### The data:
[Start of section]
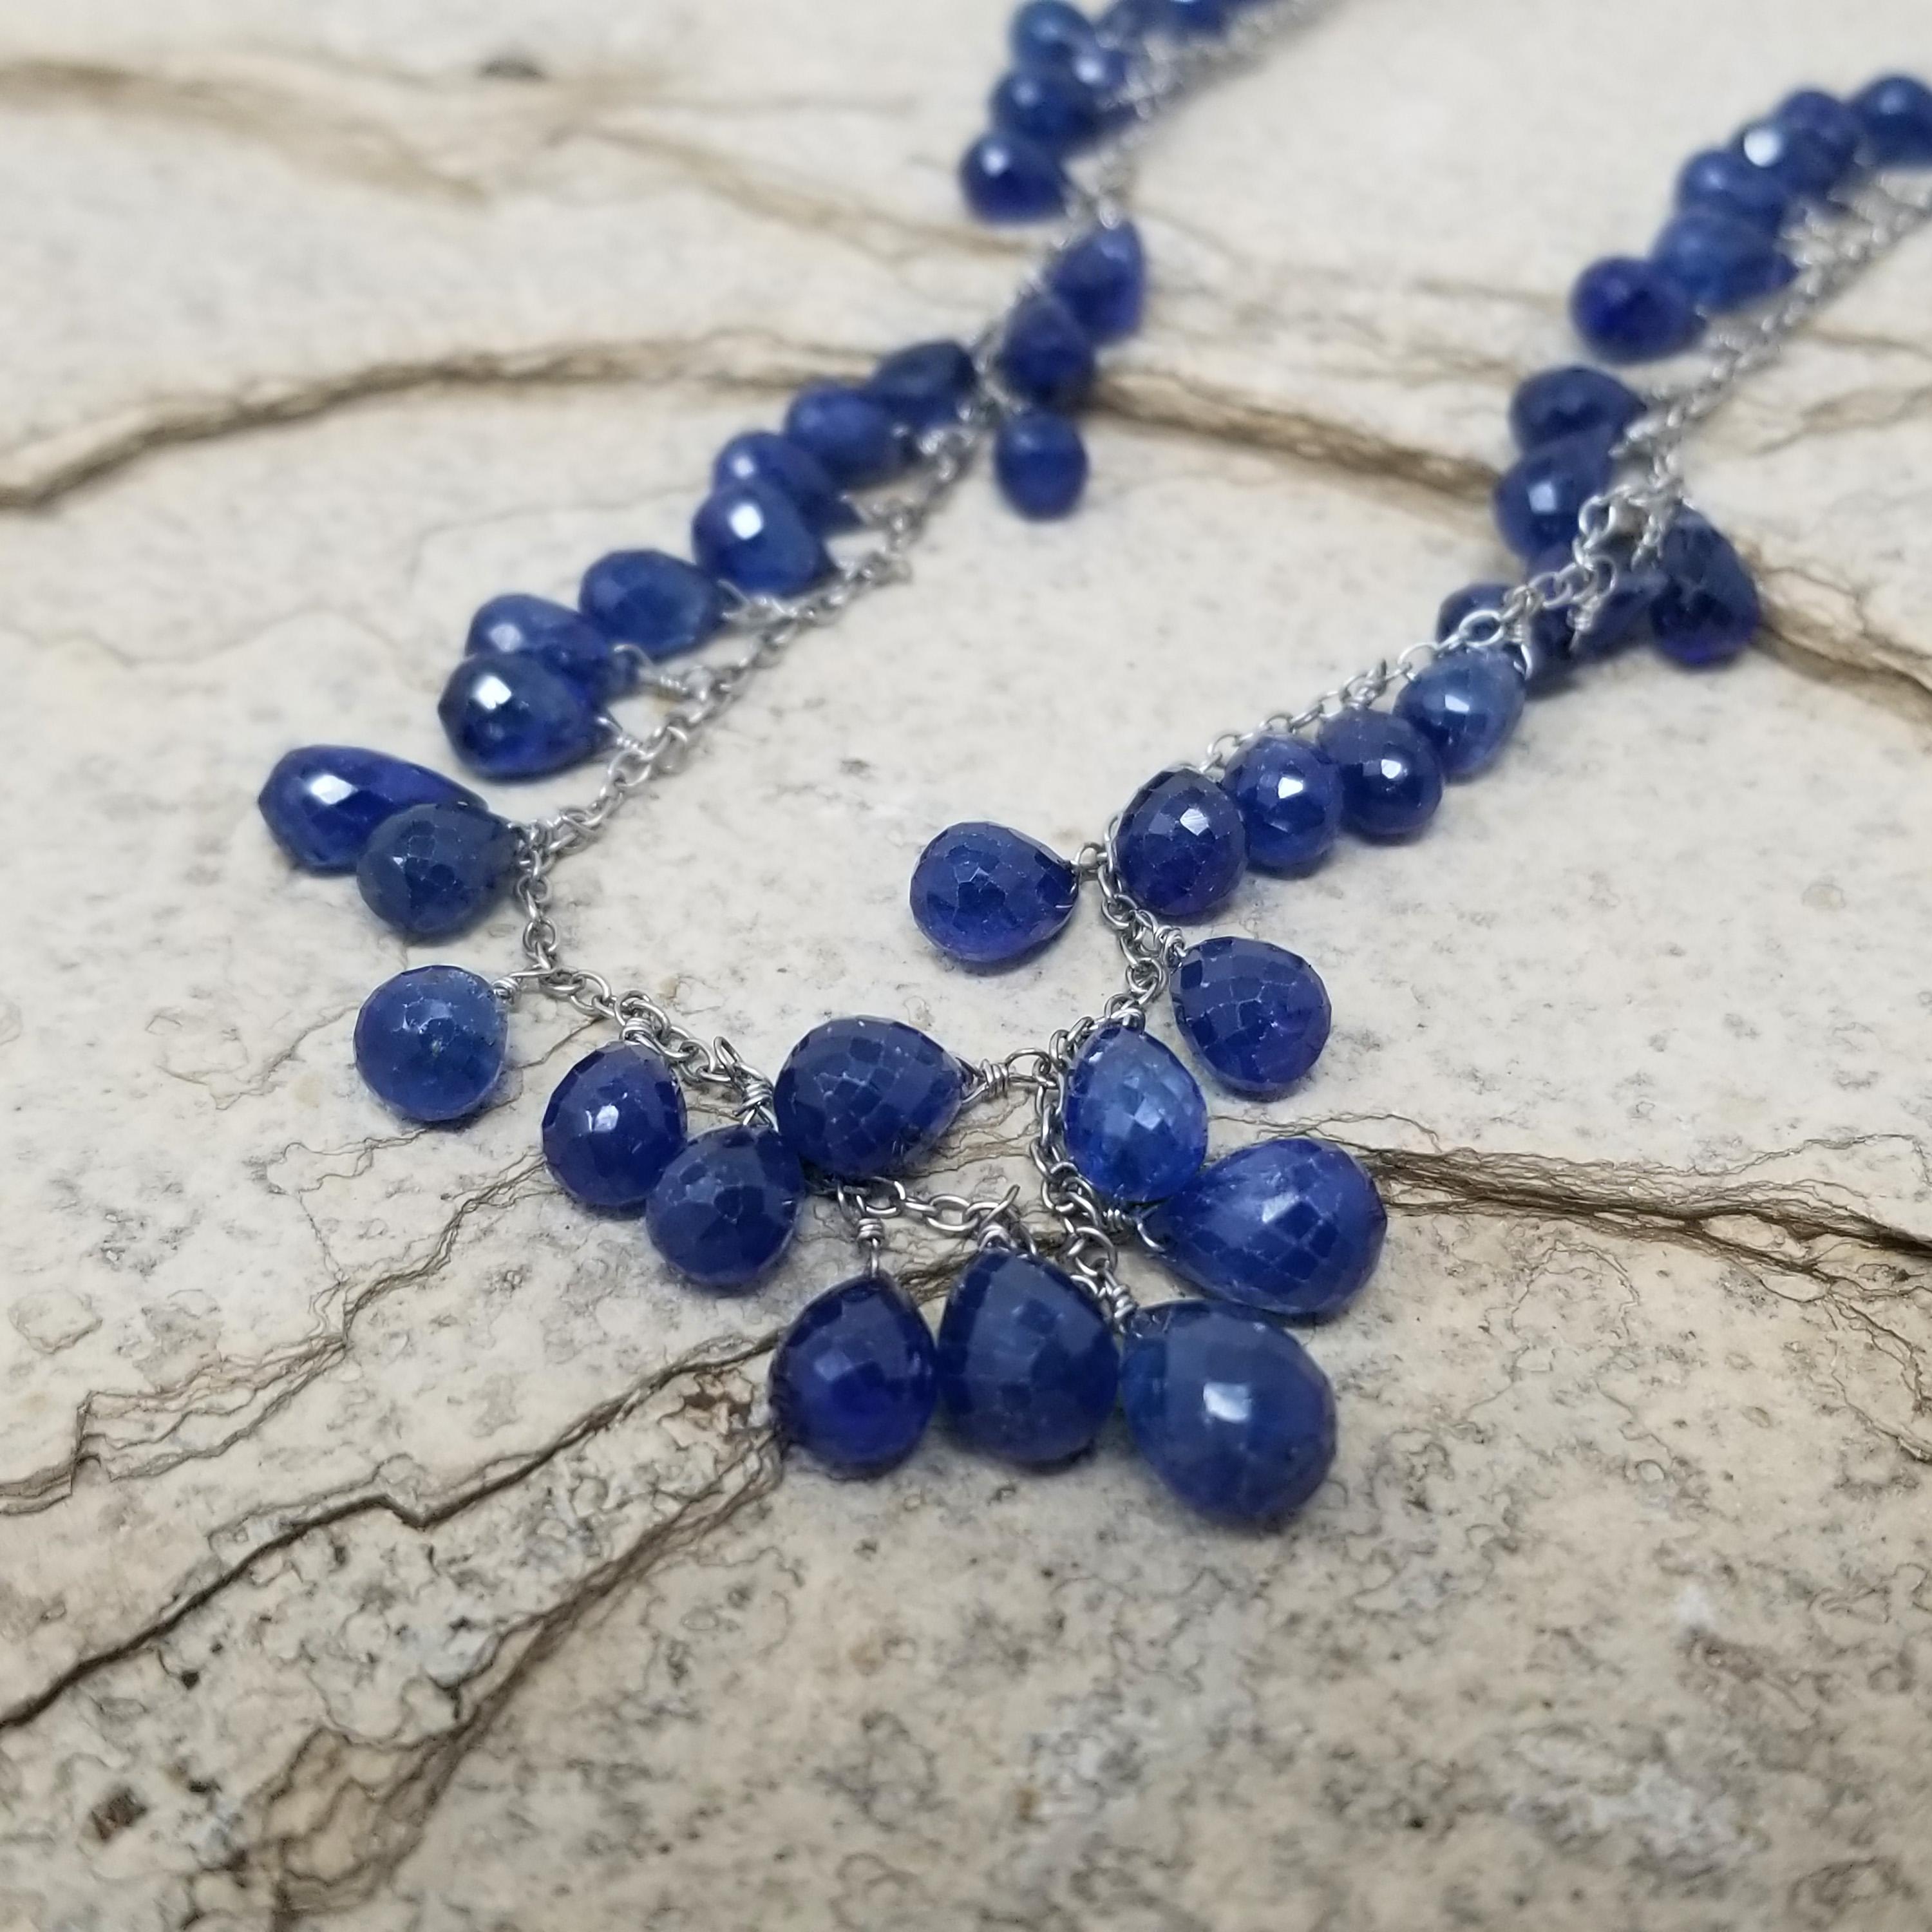 A waterfall of true-blue, briolette-cut sapphires in graduating sizes cascade from this sophisticated fringe necklace. Equal parts casual elegance and bohemian flippancy, this necklace is incredibly fun to wear.

-18kt Gold
-17.25
[End of section]
### Aim of the task:
Give back the full listing verbatim, skipping each picture.

### Task solution:
 A waterfall of true-blue, briolette-cut sapphires in graduating sizes cascade from this sophisticated fringe necklace. Equal parts casual elegance and bohemian flippancy, this necklace is incredibly fun to wear.

-18kt Gold
-17.25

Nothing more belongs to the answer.